__Task brief__: There is material below. Print exactly the lines starting at the line with "Mid-20th Century Handmade" and ending at the line with "Man Anatomy Internal", ends included, and no others.

__Records for processing__:
-- Opening Marker --
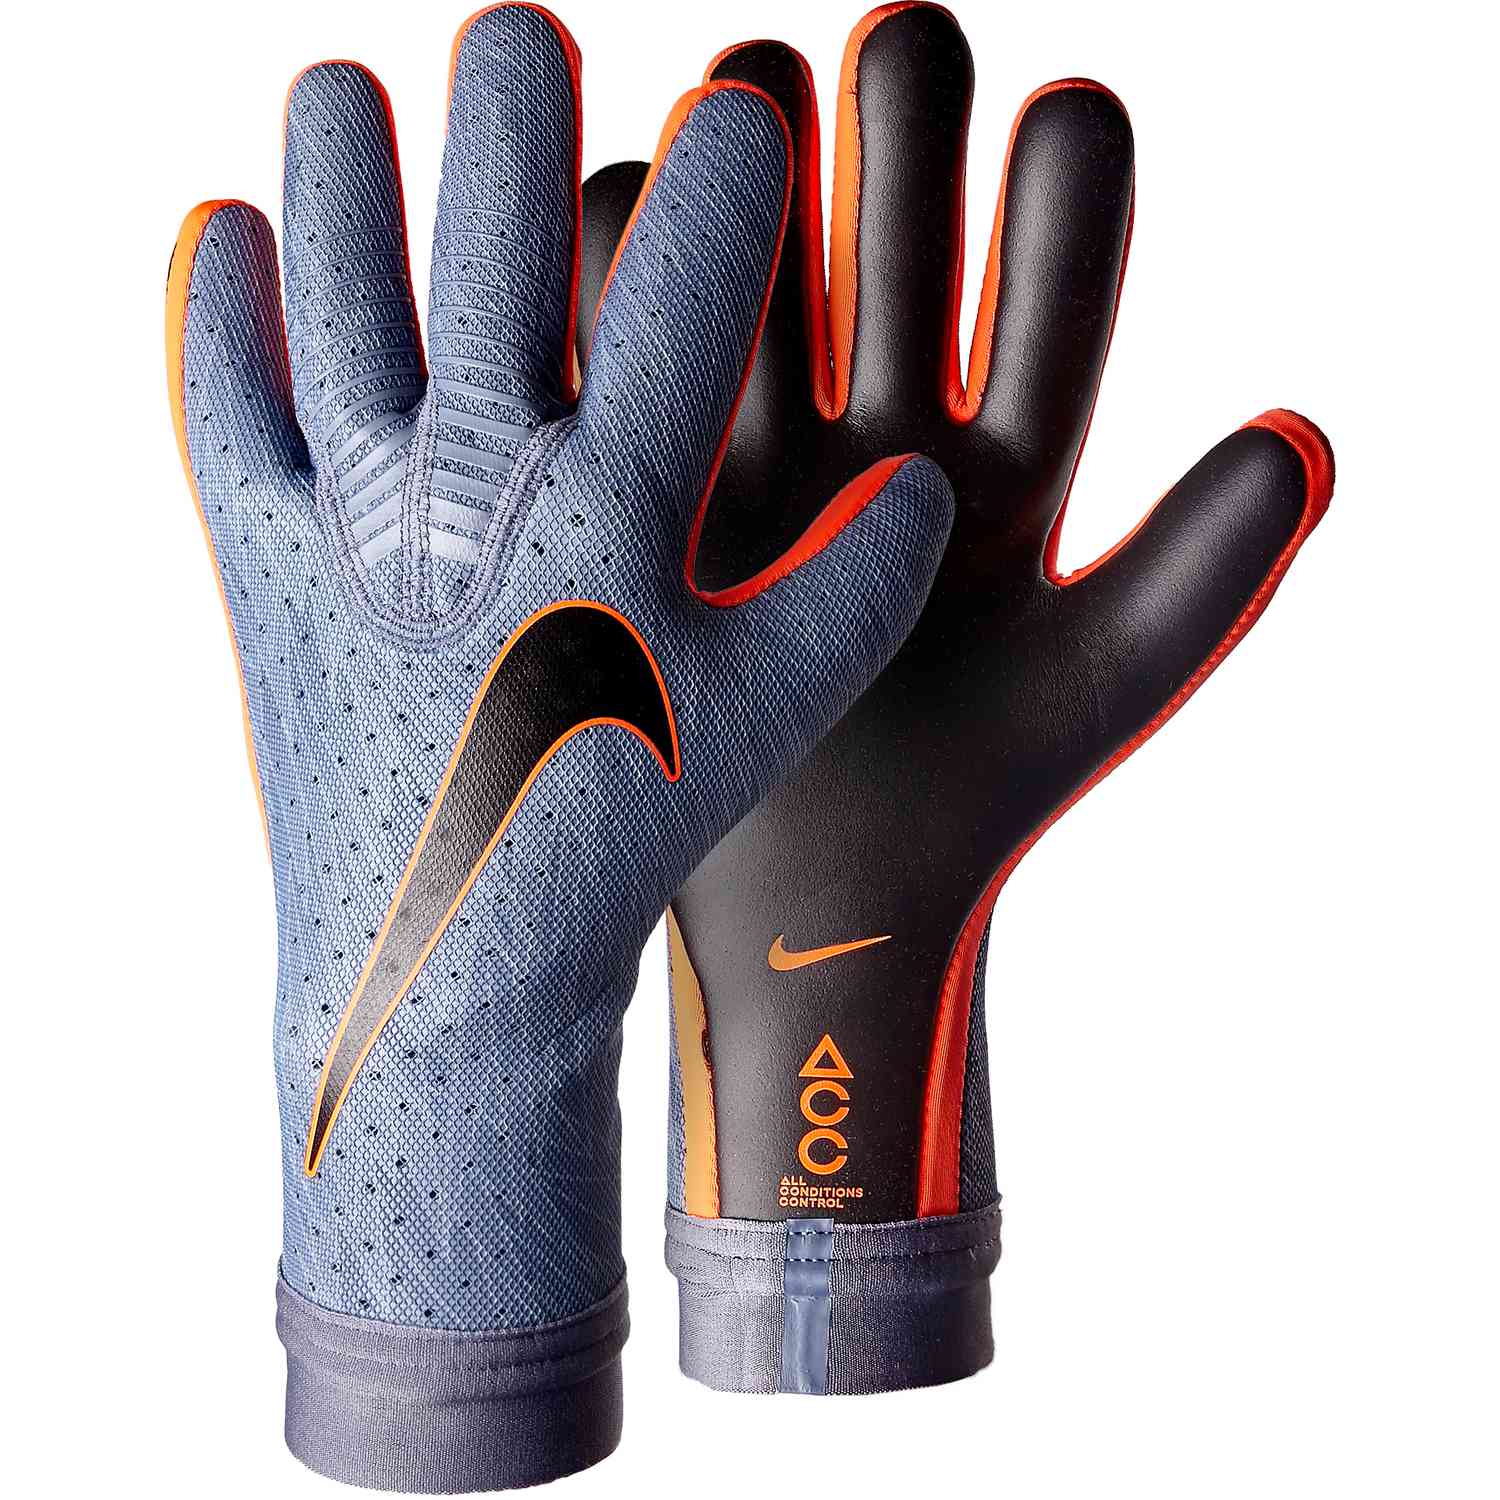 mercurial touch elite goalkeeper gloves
-- Closing Marker --
-- Opening Marker --
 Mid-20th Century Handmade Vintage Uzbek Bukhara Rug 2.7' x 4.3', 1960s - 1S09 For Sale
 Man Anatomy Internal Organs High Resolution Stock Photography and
-- Closing Marker --
-- Opening Marker --
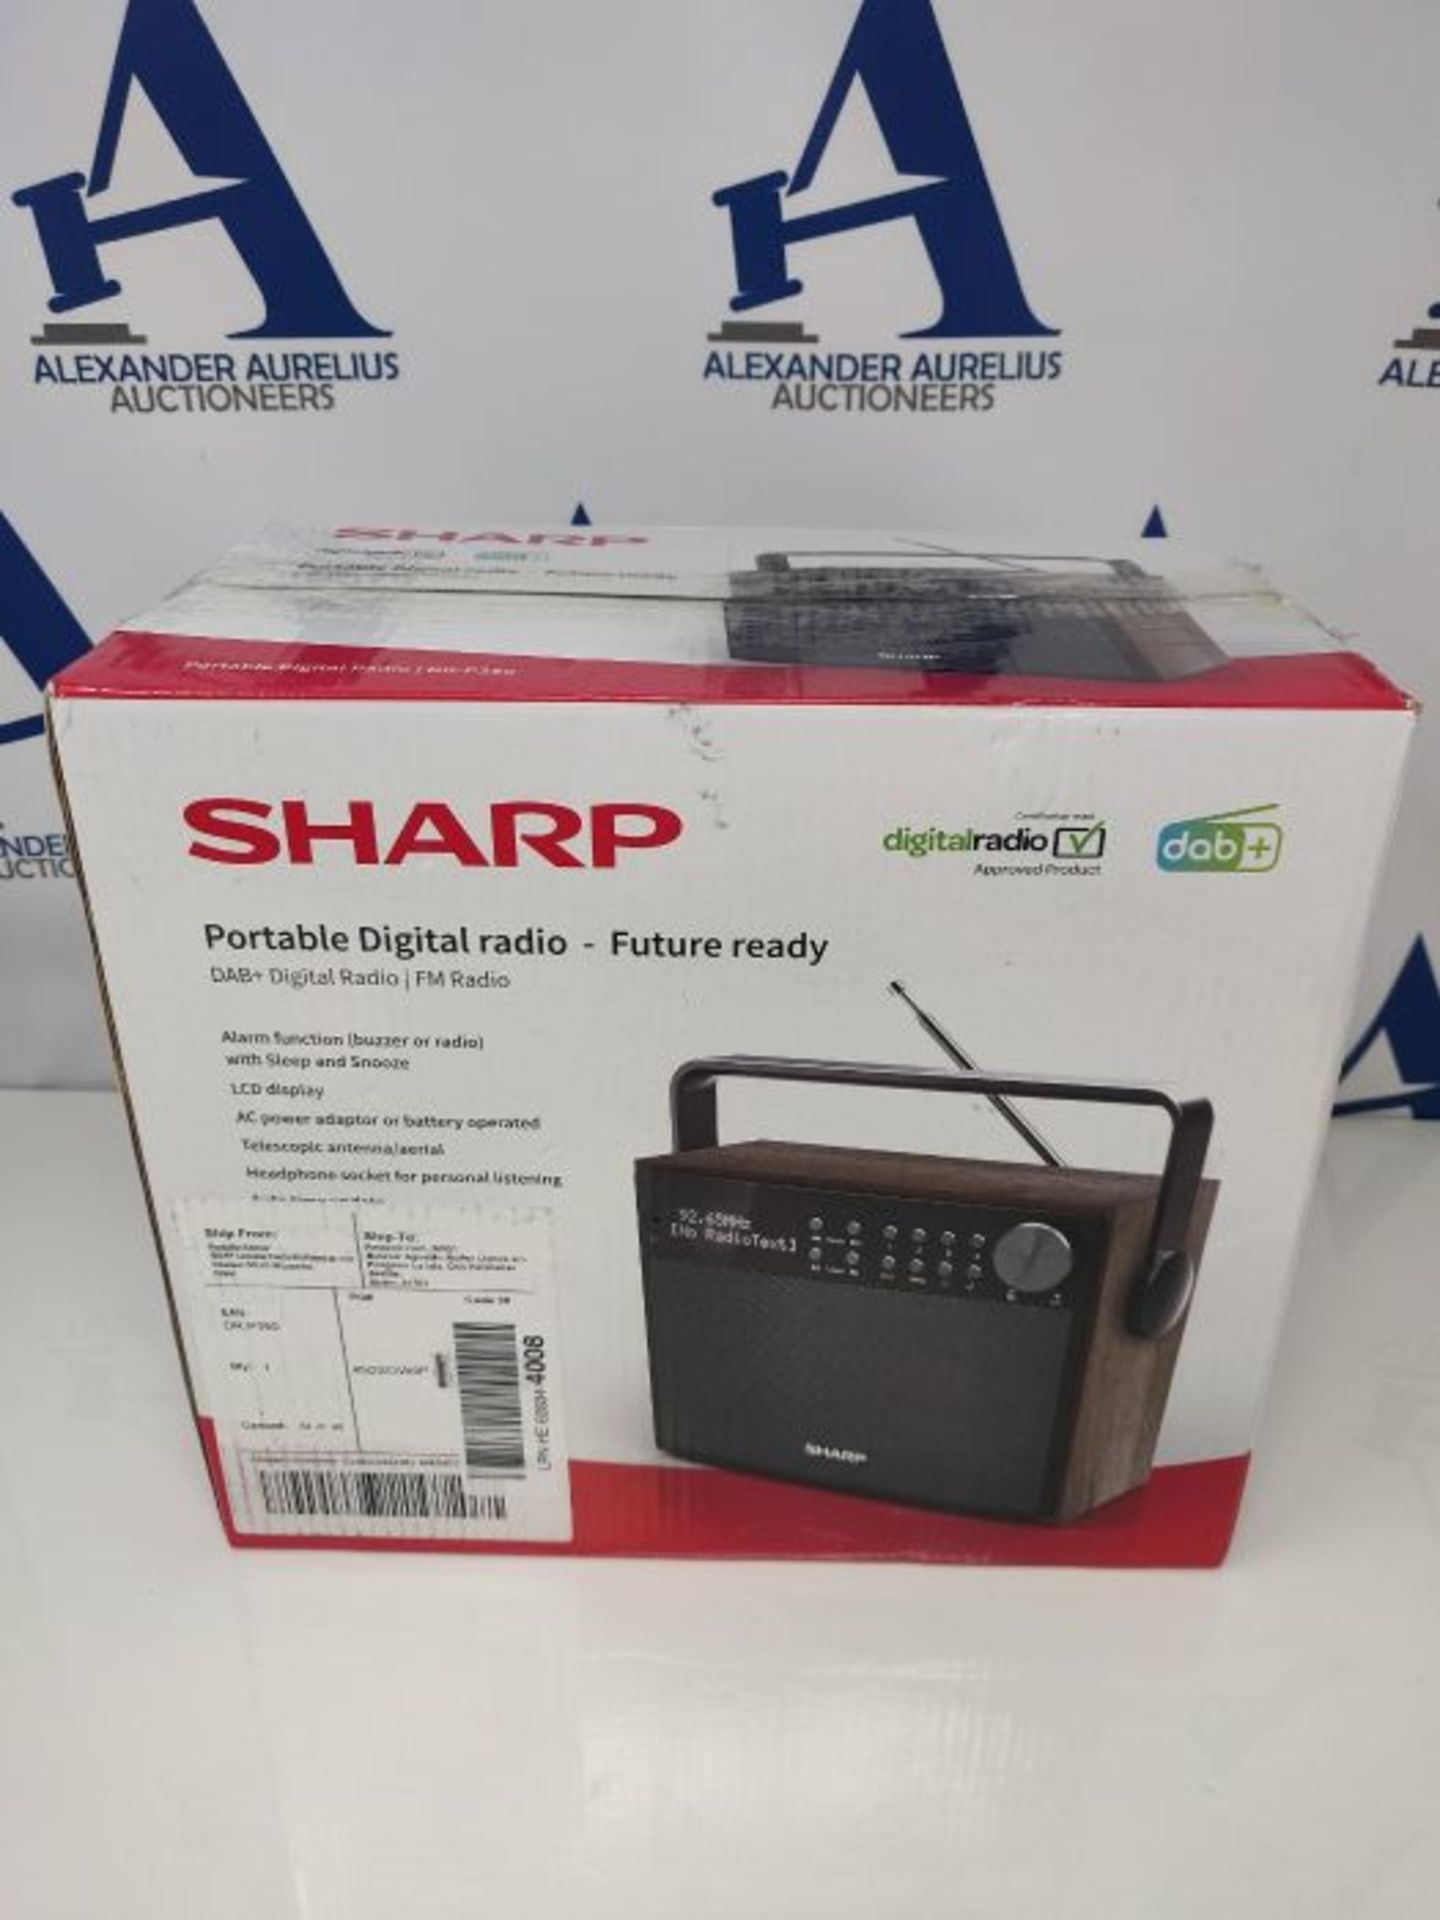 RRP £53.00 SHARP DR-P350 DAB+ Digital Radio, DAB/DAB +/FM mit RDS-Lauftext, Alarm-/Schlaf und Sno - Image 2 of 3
-- Closing Marker --
__Answer box__:
 Mid-20th Century Handmade Vintage Uzbek Bukhara Rug 2.7' x 4.3', 1960s - 1S09 For Sale
 Man Anatomy Internal Organs High Resolution Stock Photography and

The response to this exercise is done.